After the unfortunate tragedy in Gujarat, donations are being sent from all over the country or even abroad by individuals, business houses, government agencies, corporations and other bodies. It will be appropriate if the government declares on the Internet a statement of donations received during the day, and their utilisation, indicating the balance in hand at the end of the day. This statement should be updated every day. The public will thus be able to know the total amount received by the government for this purpose and how it is used.

There is a feeling that heavy taxes may be levied to meet this burden. By declaring the data in this manner, the government will make the need for fresh levies transparent.



In addition to textbooks, the market is flooded with guide books published by private publishers. Some of these guides are well produced and are very popular with students. Even some teachers consult these guide books in the absence of good libraries in schools. The result is that the students are not given complete knowledge about the subject being taught to them.

It will be useful to have periodicals on each subject of study which should contain material enhancing information about the lessons and topics taught in the schools and colleges.

This work of producing periodicals for teachers can be undertaken by the universities, departments of education or by the school education boards. Every teacher should be given the periodical on his subject for which a nominal deduction can be made from his salary. If need be, the teachers can be subjected to departmental tests before they are given proficiency step-ups.

Dalip Singh Wasan, Patiala

Response to quake

Hats off to Sumer Kaul for his article on Gujarat tragedy (Tribune, Feb, 12). This is the best comment I have read on the subject. It is an honest and sensitive analysis of the people’s and the government’s response to this disaster.

Whether it is the “zeroxed” sympathy of our leaders or the indifference of our rich and privileged sections, it is a shame, and an insult to the masses who feel sincerely for the victims. This tragedy shows how “the movers and shakers”, the government and the bureaucracy are in their own selfish world far away from the common man.

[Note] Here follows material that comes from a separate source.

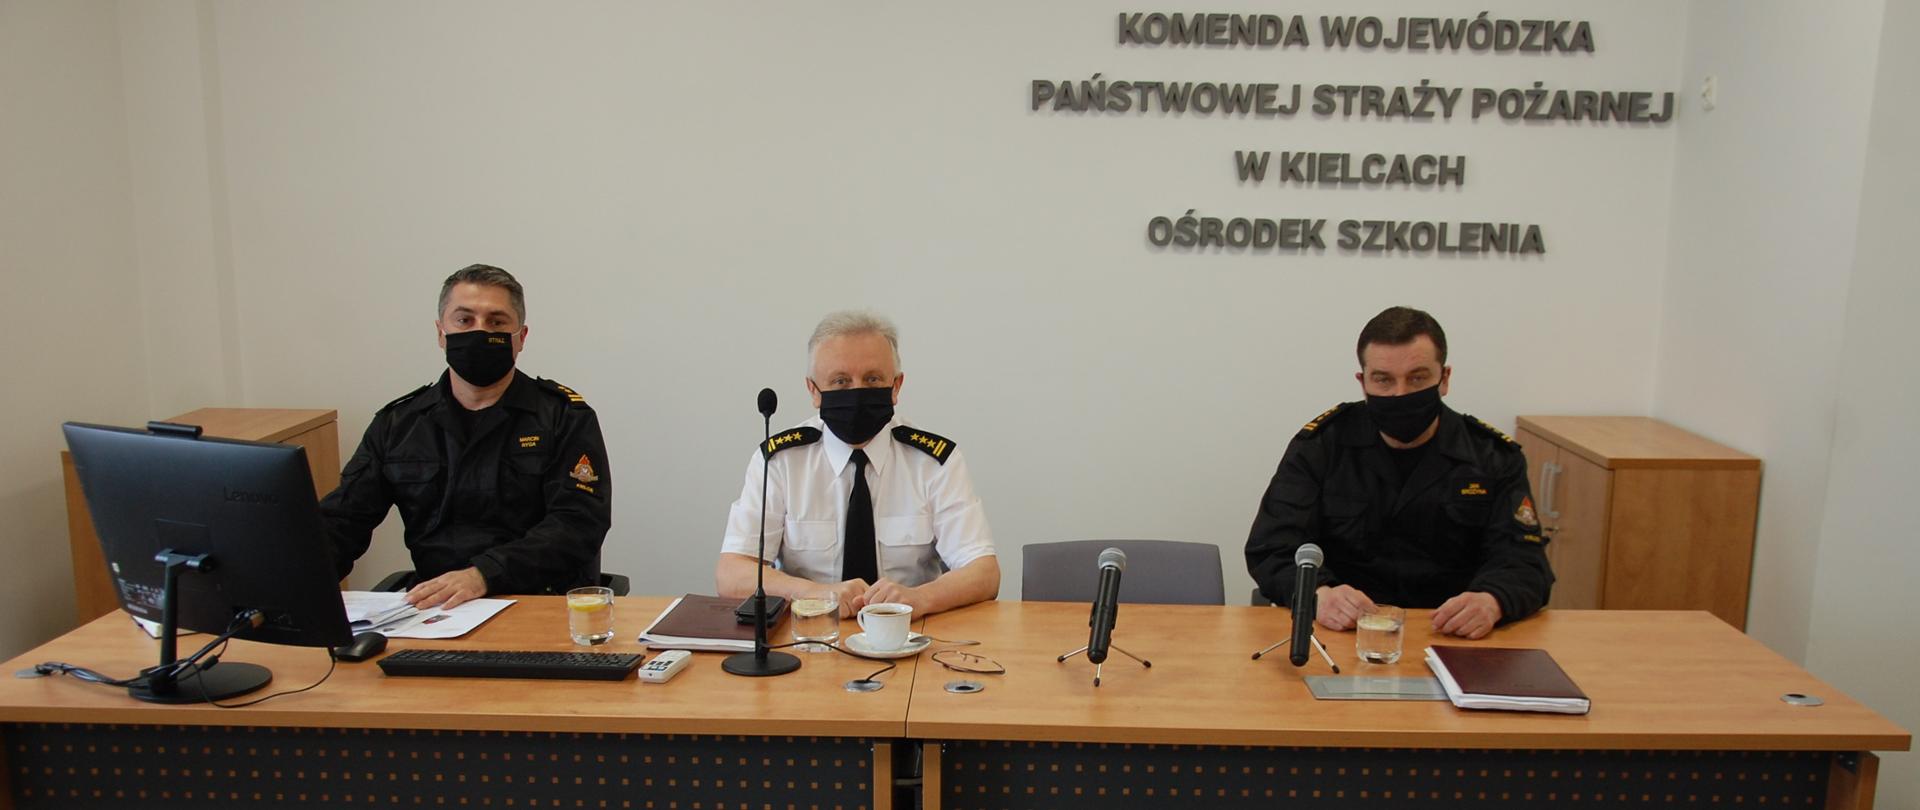 Zdjęcie przedstawia uczestników spotkania siedzących za stołem prezydialnym to jest: Zastępcę Świętokrzyskiego Komendanta Wojewódzkiego PSP oraz naczelników Ośrodka Szkolenia i Wydziału Operacyjnego KW PSP w Kielcach w umundurowaniu służbowym.

Piyush Bhatnagar, New Delhi

Vineet Khanna

The untimely death of Vineet Khanna who defied death time and again is a sad loss to humanity. He was not only a saviour of the poor, the needy and the downtrodden, but also the biggest inspiration to people to go beyond physical disabilities.

Having been closely associated with Vineet over the last decade and a half, I not only feel a personal loss at his death, but also share the deepest concern of the tens of thousands who benefited from his endless giving.

Vineet’s originations, namely YTTS, Pustak, Vama etc., should be supported by the people of Chandigarh and the intellectuals of the city should come forward to complete his unfulfilled task — that of putting a smile back on the faces of the needy. He was one person who, despite being handicap, always stood for everyone at any hour of the day. It was disheartening and sad to know that he was humiliated at this year’s Republic Day function in the city where he was honoured, an honour that came very late in his life.

The city administration should ensure all support to his organisations and help in making his institutions an international outfit of hope. That will be the best tribute to him.

Let us strive to spread his message of love and compassion.